Limit by condition count OR in MySQL

I am creating a web application that uses geolocation, and I am whipping up the view of "nearby places." This is a fairly simple logic: it shows the next 5 places that are stored in the database. Perfect.

The trick is that I want it to return the next 5 places or all places within two miles, whichever is greater. In other words, I want the user to be able to see at least all the places within two miles, but if there are no 5 places in this radius, I want them to show the next 5.

Let them be used for sample data sets.

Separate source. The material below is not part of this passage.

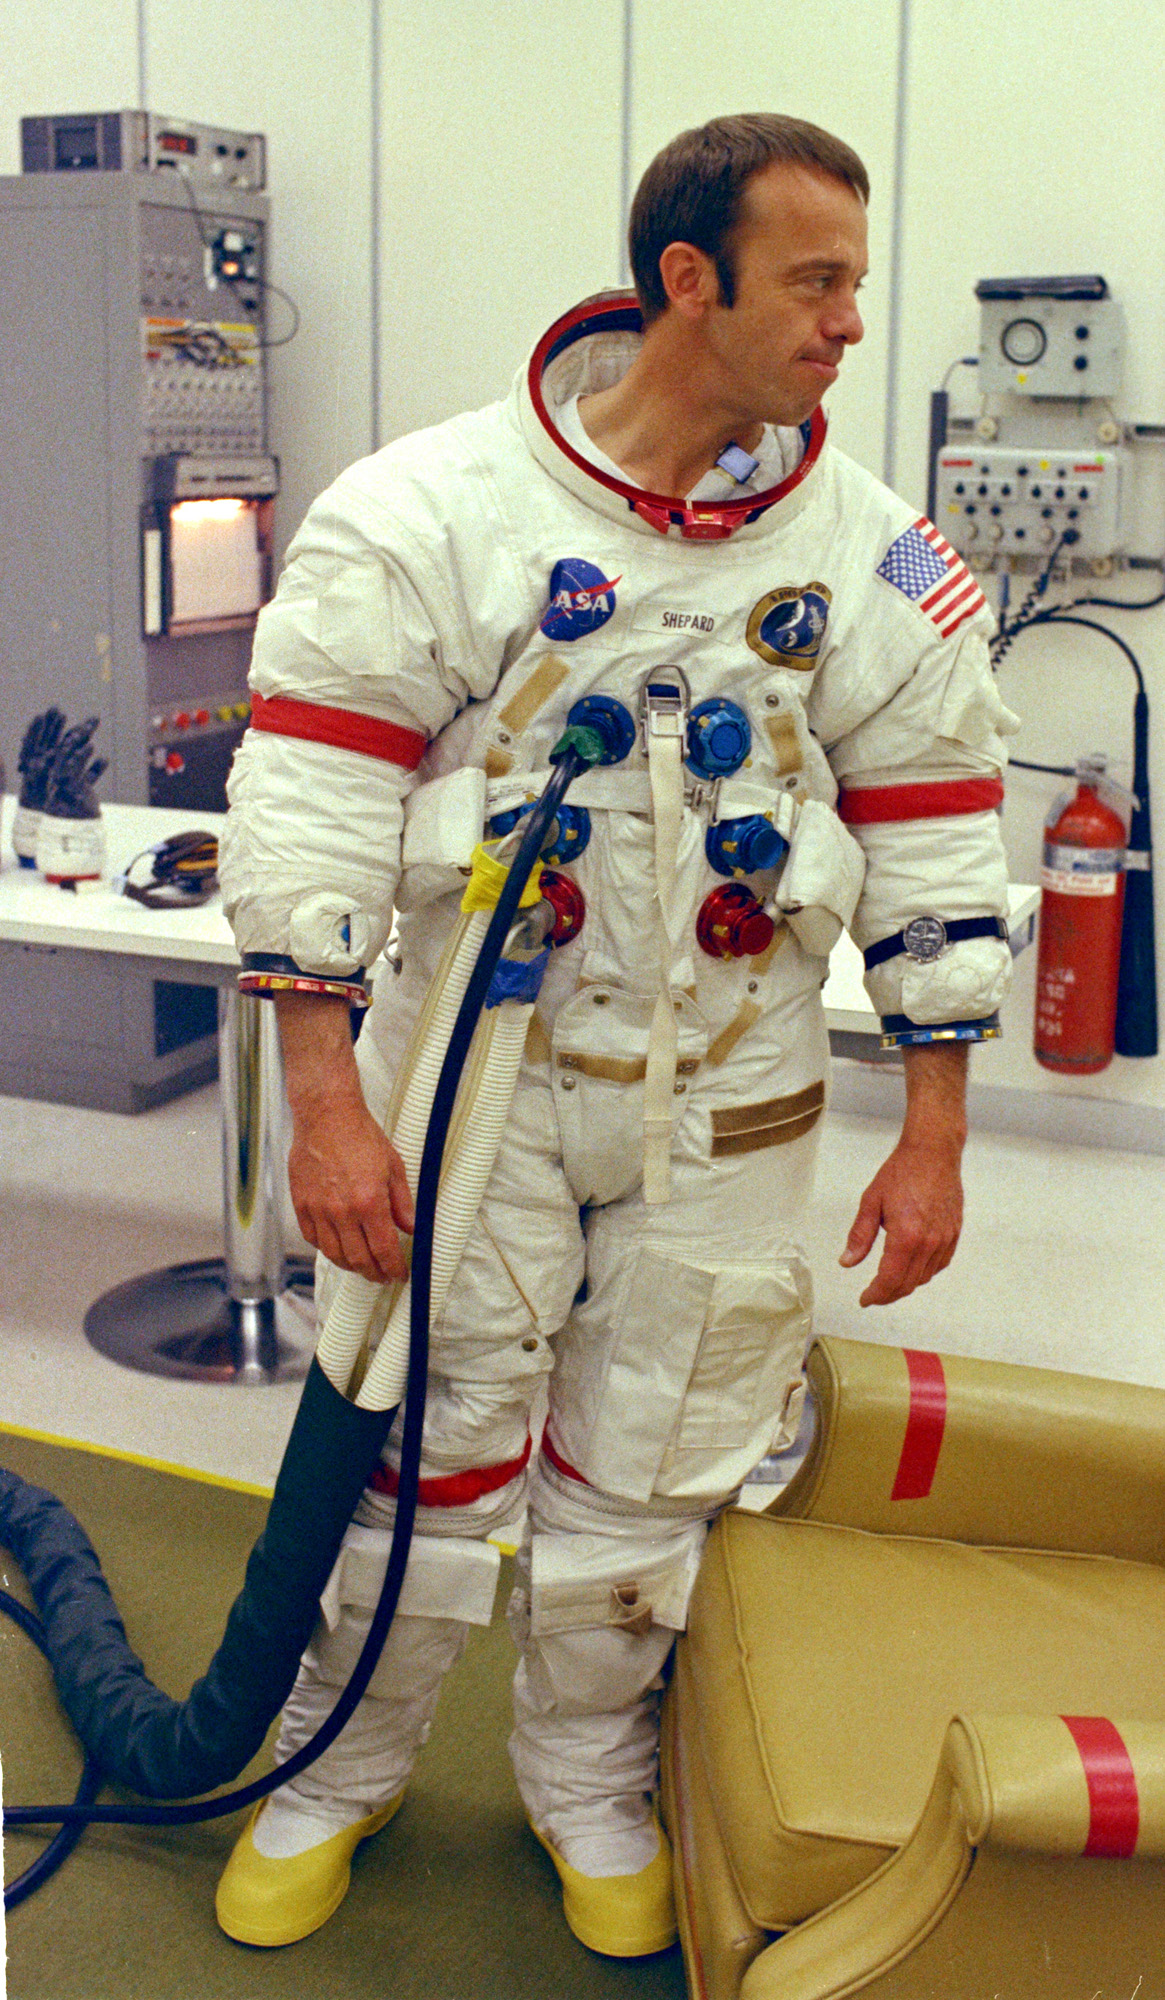 The Evolution of the Space Suit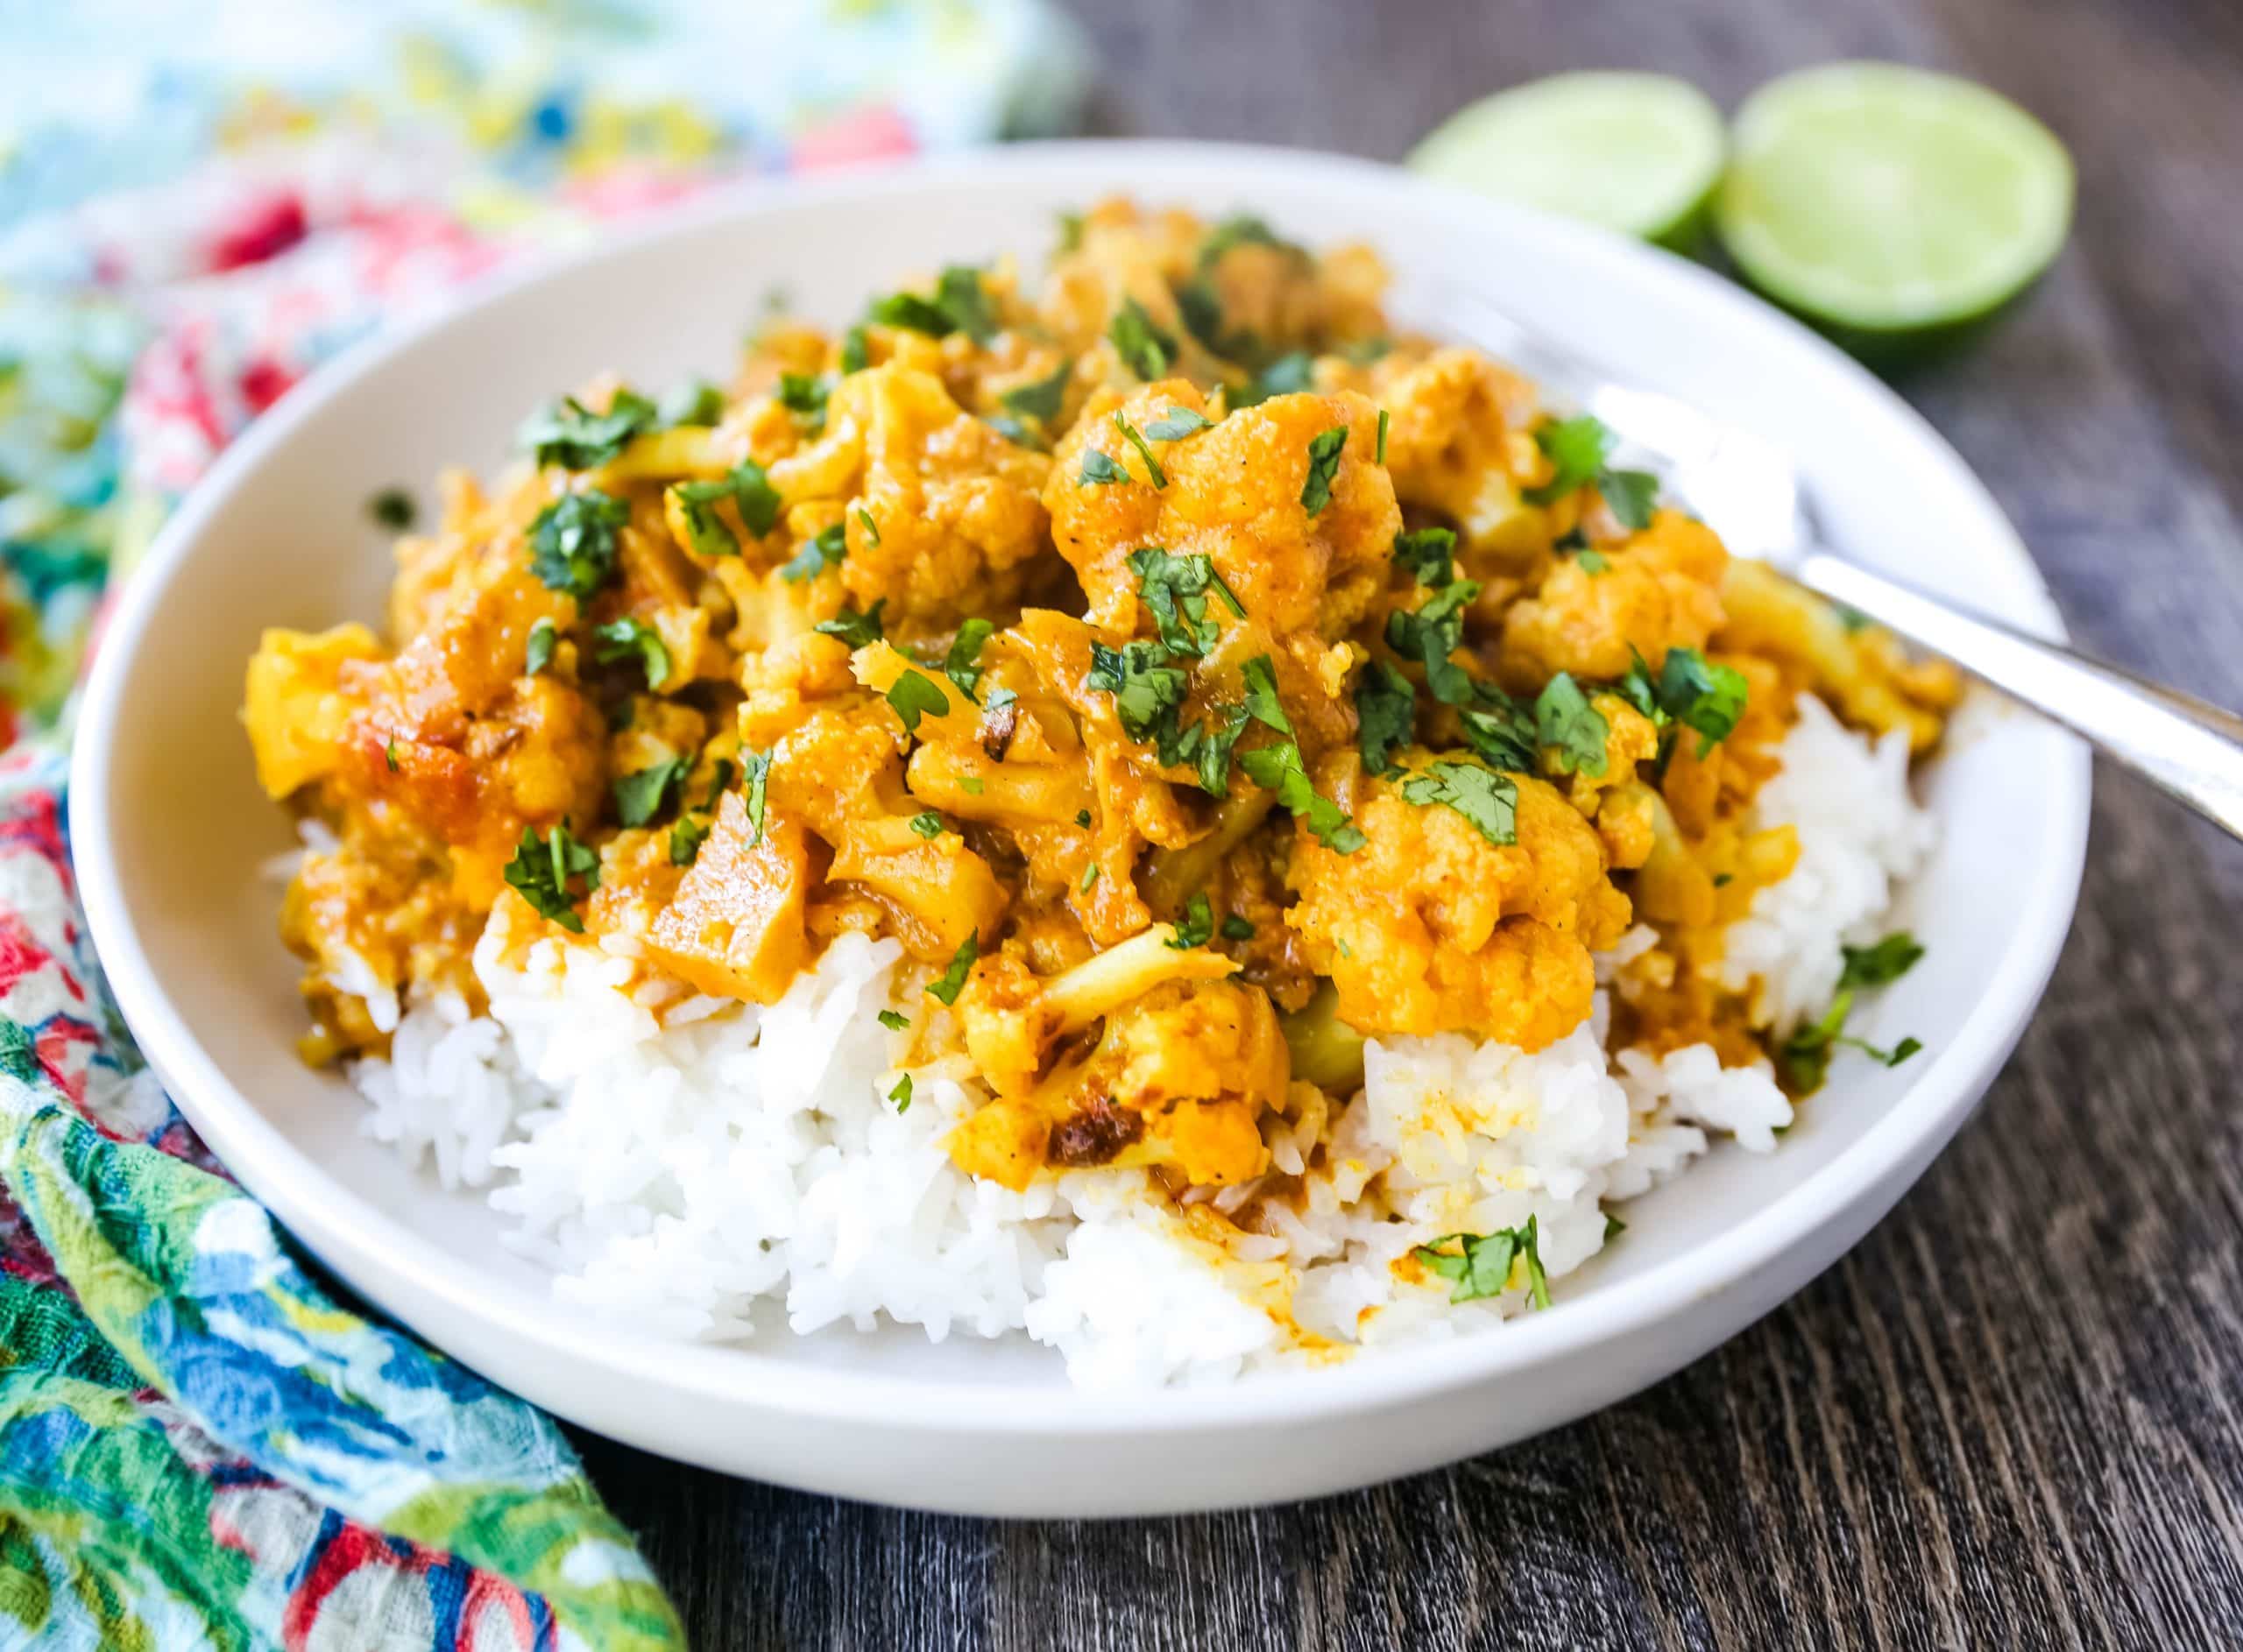 Coconut Cauliflower Curry A rich coconut curry broth with onion, garlic, cauliflower, ginger, Indian spices in coconut milk. Flavorful vegan meal and you won’t even miss the meat! www.modernhoney.com #curry #cauliflower #cauliflowercurry #indianfood

Set 1:

| id | name | distance | +----+----------------------+-----------+ | 3 | Earl of Sandwich | 0.3 | | 4 | Nails 'n More | 0.8 | | 22 | City Hotel | 1.7 | | 5 | Mighty Medicine | 2.1 | | 25 | Wonder Wings | 2.5 | | 6 | Jean Warehouse | 2.7 | | 9 | Ship Safe & Speedy | 2.9 | | 2 | Bagel Bonus | 4.1 | +----+----------------------+-----------+ 

Install 2:

 | id | name | distance | +----+----------------------+-----------+ | 3 | Earl of Sandwich | 0.1 | | 4 | Nails 'n More | 0.2 | | 5 | Mighty Medicine | 0.5 | | 6 | Jean Warehouse | 0.7 | | 9 | Ship Safe & Speedy | 0.9 | | 2 | Bagel Bonus | 1.2 | | 22 | City Hotel | 1.7 | | 25 | Wonder Wings | 2.1 | +----+----------------------+-----------+ 

In the first set, I want to return lines 3, 4, 22, 5, and 25. In the second set, I want to show 3, 4, 5, 6, 9, 2, and 22.

I know that I can just limit the query to, say, 100 places, and go through the result set in PHP for filtering ... but I wonder if there is a more efficient way to do this directly in SQL.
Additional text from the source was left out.